The music industry is in worse shape than Wall Street, and it doesn’t deserve bail out. It isn’t expecting one either. Instead, Vivendi SA's Universal Music Group, Sony BMG Music Entertainment, Warner Music Group Corp. and EMI Group PLC are backing a new format called “slotMusic.” They hope it will replace the CD because it can be used on almost any player system. It’s a nice try, but the smell of desperation is all too apparent.

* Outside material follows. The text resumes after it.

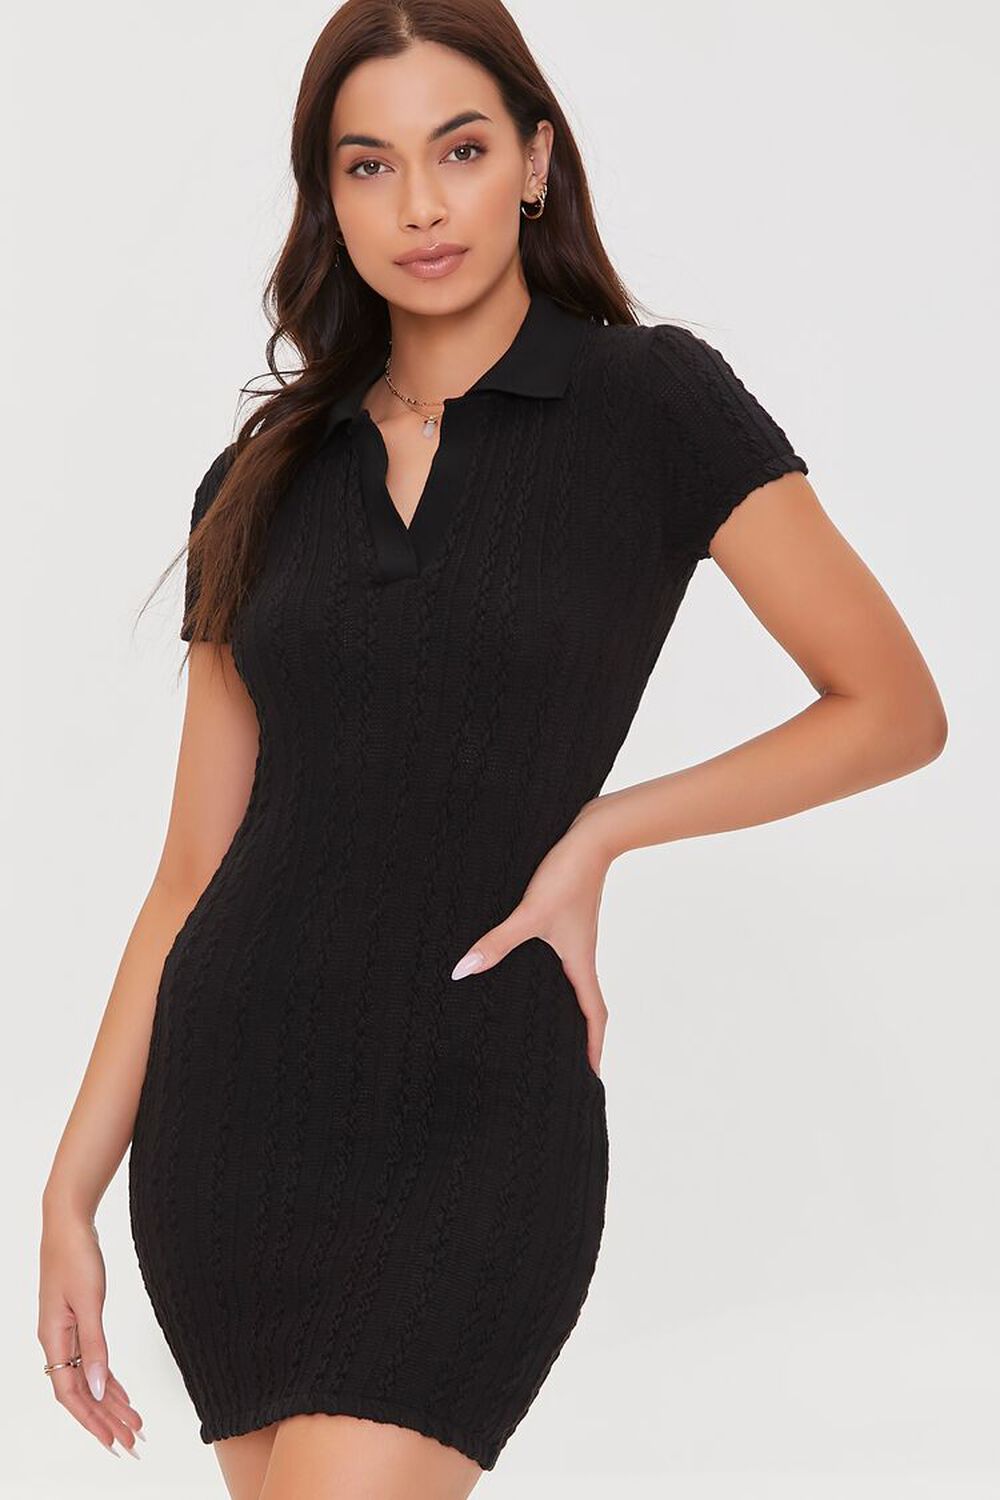 BLACK Cable Knit Bodycon Dress, image 1

As a piece of technology, the slotMusic idea is a rather nifty one. SanDisk is teaming up with the music companies as well as Best Buy and Wal-Mart to put music on 1 gigabyte microSD cards. That’s enough for an album, liner notes, cover art, and still have free space for the buyer to use for his or her own data storage needs. A great many cell phones and multimedia players support microSD cards, and the new albums will come with a USB dongle for other players that have USB ports.

Unfortunately, this is just another attempt by the music companies to keep their old business model afloat. Even since the Victrola, they have made their money by selling the data storage device (if that can be said of the cylinders used on the Victrola) and pretending that they were actually selling the data it contained. When home recording was impossible, there was no distinction. Once one could record at home, the data and the storage device were no longer one.

That still wasn’t too bad for the record companies. One still had to buy the album (or borrow it from a friend) to put it on cassette. The old “Home Taping Is Killing Music” drivel that was printed on album covers in the 1970s was an attempt to stop the lending of records, but it was doomed to fail. A few teenagers swapping the latest Alice Cooper disc wasn’t going to put them out of business.

What did doom the record industry as currently structured is digital recording and the computer revolution. Data no longer were attached to any physical device; they were suddenly free physically. The slotMusic approach is just another attempt to reunite the storage device and the data. It hasn’t worked before, and it won’t work this time.